Козодавлев приказал служителю принести еще одну чарку и едва успел ее наполнить, как поэт протянул к ней руку.
— С вашего позволения, господа. Благополучия вам и здравия… Ба, хороша водочка! Анисовая? Чувствую, чувствую. Покамест еще могу разобраться, чем услаждаюсь. После и различать не стану. Да, господа, Костров достоин осмеяния. И вы в душе-то смеетесь, только не выказываете. Бог с вами. Я не сержусь. Ко всему привычен. Даже девки надо мной глумятся. Гощу я теперь, позвольте доложить, у Ивана Ивановича Шувалова, у щедрого нашего мецената. Боле все в девичьей нахожусь, когда трезв. Так они, язви их, девки-то, рукоделью меня учат. Вязать, сшивать разные цветные лоскутья.

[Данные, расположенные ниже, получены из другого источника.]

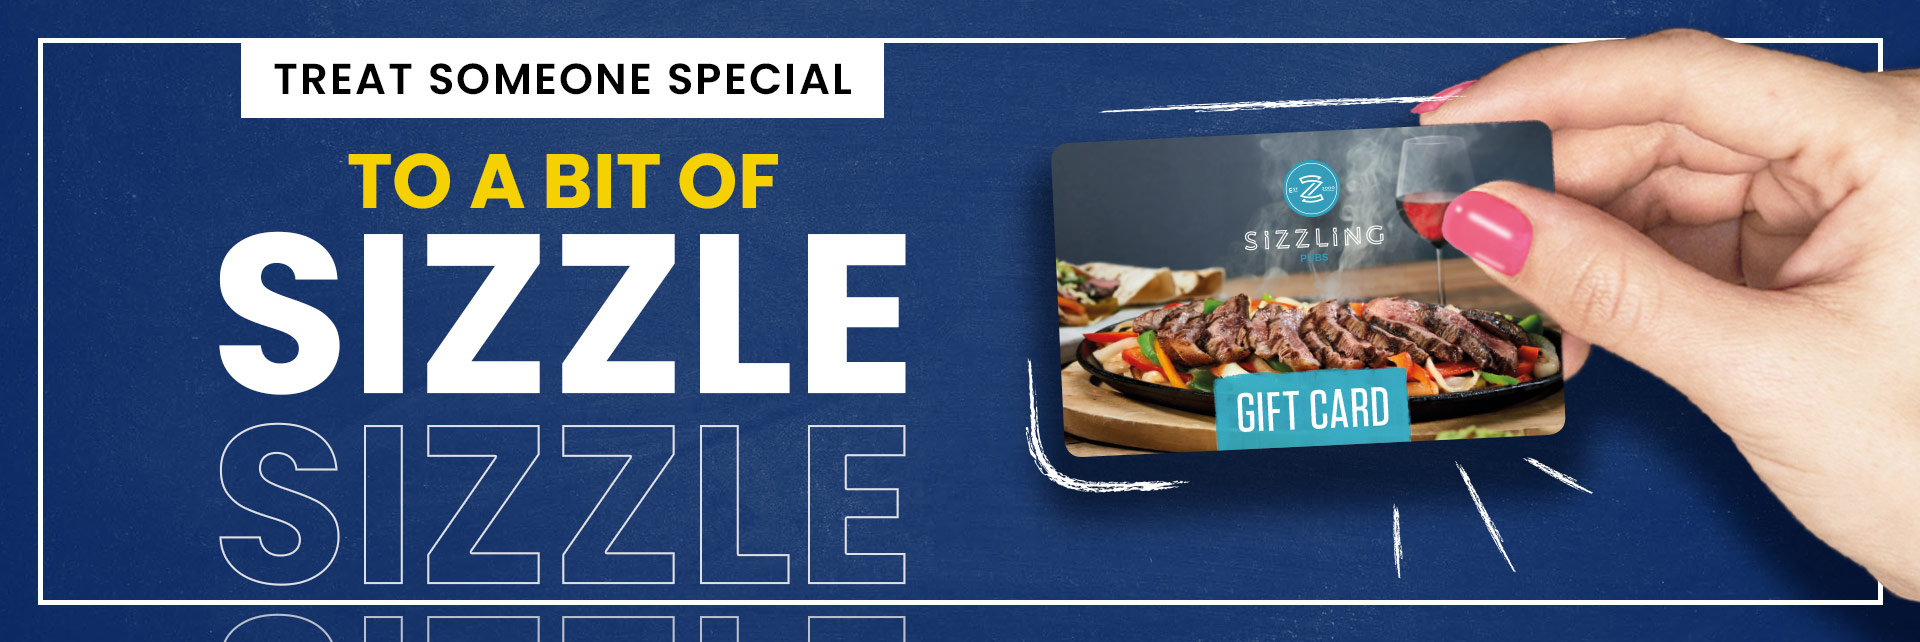 Sizzling Pubs Gift Card at The Crown and Anchor in West Bromwich

А то наденут мне на руки моток пряжи, сматывают и заставляют «складные речи» говорить, стихи то есть. И хохочут, плутовки. Им наплевать, что Костров подарил русскому читателю Гомера.
— Ну, хоть не всего Гомера, — заметил Козодавлев.
— Переведу и всего. Переведу, если вот это зелье вконец не загубит. Сдавать стал. Сил недостает. Вы беседуйте, беседуйте. Костров вам не помеха. Костров никому не мешает. При нем женщины сменяют одеяния. Беседуйте, а я малость отдохну.
Он облокотился на стол и уткнулся лбом в ладони.
— Да, долго не протянет, — сказал Козодавлев, как будто того, о ком он говорил, вовсе тут не было. — А ведь ему едва ли за сорок перевалило. Скорехонько же мы изнашиваемся. Трудный век. Бурный, суетный.
— И безбожный, — вставил Челищев.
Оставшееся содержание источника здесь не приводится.